This repository provides the materials related to the DeepFovea project from Facebook Reality Labs. DeepFovea is a network for a foveated rendering that allows to reconstruct a plausible perifery with a small amount of pixels.
If you use any materials from this repository, please cite the publication: Anton Kaplanyan, Anton Sochenov, Thomas Leimkuehler, Mikhail Okunev, Todd Goodall, Gizem Rufo, "DeepFovea: Neural Reconstruction for Foveated Rendering and Video Compression using Learned Statistics of Natural Videos", SIGGRAPH Asia 2019.
input_graph.pb
file contains the network graph for both generator and discriminator.
Generator model is a U-Net with recurrent decoder blocks. The naming convention is glEnc_XtoY
for encoder blocks and glDec_YtoX
for the corresponding decoder blocks, where X and Y change with the depth. The network is trained on 128x128 videos.
Each encoder block consists of two convolutions, with the second convolution having a stride 2. We use ELU activation function. There are total 5 encoders and 5 decoders with 32-64-128-128-128 features correspondingly. The model has about 3.2M parameters.
Each decoder block consists of an upsampling layer, a convolution and a recurrent convolution layer. The recurrent convolutional layer uses its output as another input on the next time step.
The discriminator model consists of several 3D convolutions with residual connections. Each convolution operates on a whole video of 32 frames. This allows the discriminator to reason not only about spatial details, but also about the temporal artifacts. We are using spectral normalization in discriminator for the regularization. There is also a complementary discriminator with a similar architecture trained on the FFT representation of the input video.
We are using multiple losses to make the reconstruction plausible
"bin" folder contains Windows application "inference.exe". It takes 1 optional argument: screen|360. By default it uses "screen". In "screen" mode it will run full screen with resolution 1920x1088 on monitor 0. To run "360" mode the HTC Vive Pro Eye must be connected. Please follow the instructions to configure eye tracking.
Configuration file "appconfig.json" defines the location of the video frames. Frames can be of any size and will be sampled to match window/HMD resolution. The "gpus" field defines GPU ids to be used. It can take either 1 or 4 values. For example: [0] will use only GPU id 0, [0, 1, 2, 3] will use four GPUs, [0, 0, 1, 1] will use 2 GPUs with ids 1 and 2, [0, 0, 0, 0] will use 1 GPU with id 0. Make sure to always specify id of the GPU your monitor is connected to.

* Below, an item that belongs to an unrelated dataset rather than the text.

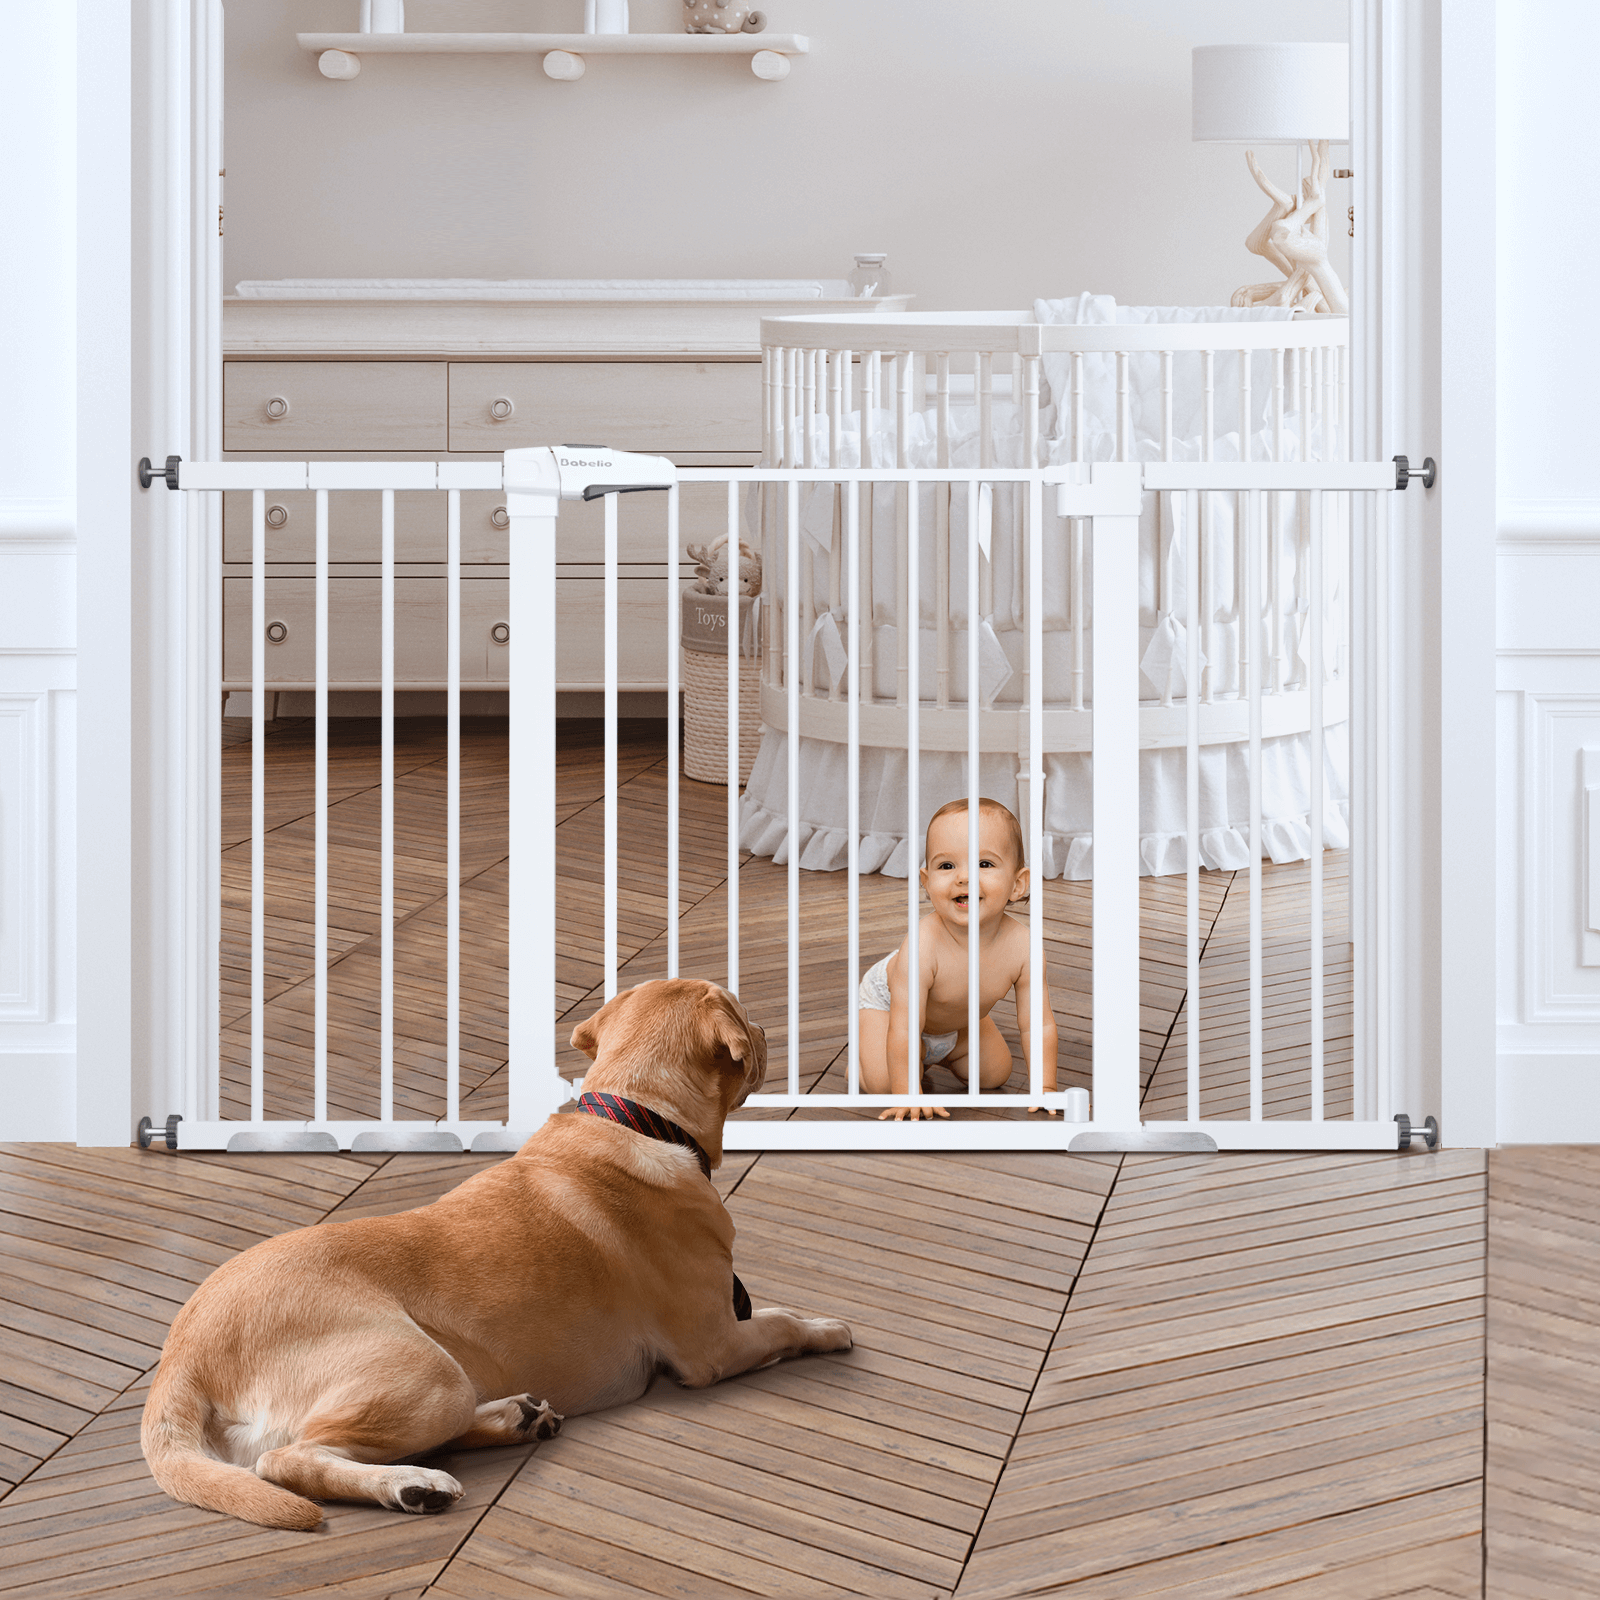 Babelio 29-55" Wide All-Steel Baby Gate – Easy Walk-Through, No-Drill Setup, Auto-Close, for Children and Pets
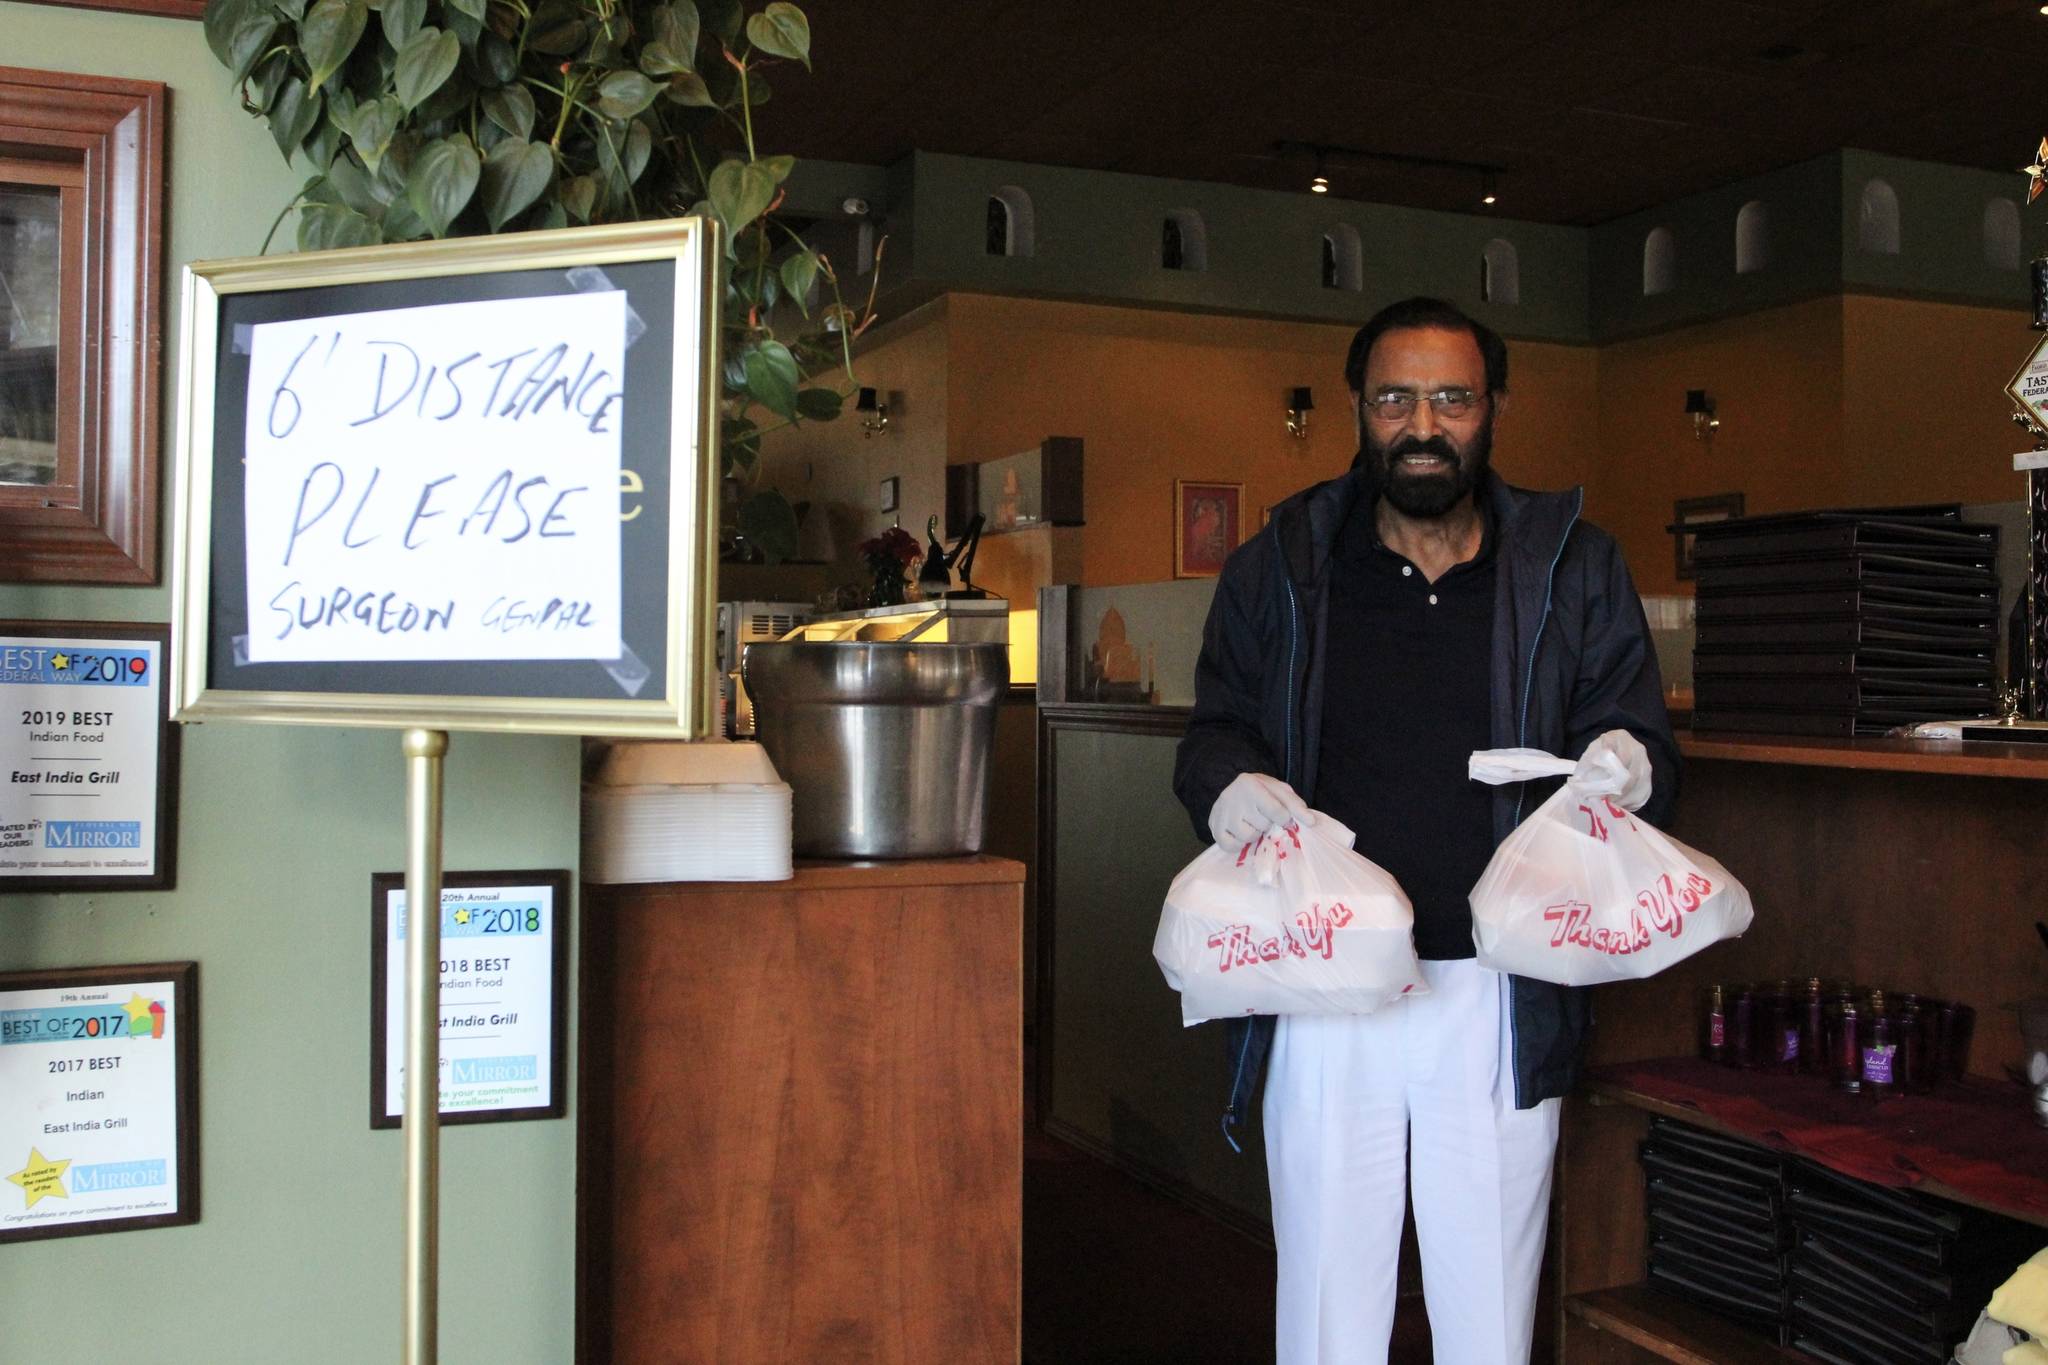 Kabal Gill, owner of East India Grill in Federal Way, wears gloves to hand over take-out orders at his restaurant. File photo

Note: SteamVR sets up default resolution as a result of evaluation of your GPU. In order to speed up network evaluation and fit into 11GB of GPU memory dial custom resolution setting down to be around 1600x1700. If the app crashes with "out of memory" error it indicates that GPU doesn't have enough memory. Try to farther reduce custom resolution.
Min
Recommended
Key | Description |
---|---|
p | Shows/Hides percent of valid pixels |
Up/Down arrows | Increases/decreases percent of valid pixels |
g | Shows/Hides gaze marker |
f | Shows/Hides time to render a frame per eye |
r | Enables/Disables reconstruction. Network bypass |
c | Enables/Disables corruption. All pixels are valid |
e | Enables/Disables emulation of the gaze by mouse |
DeepFovea is CC-BY-NC 4.0 (FAIR License) licensed, as found in the LICENSE file.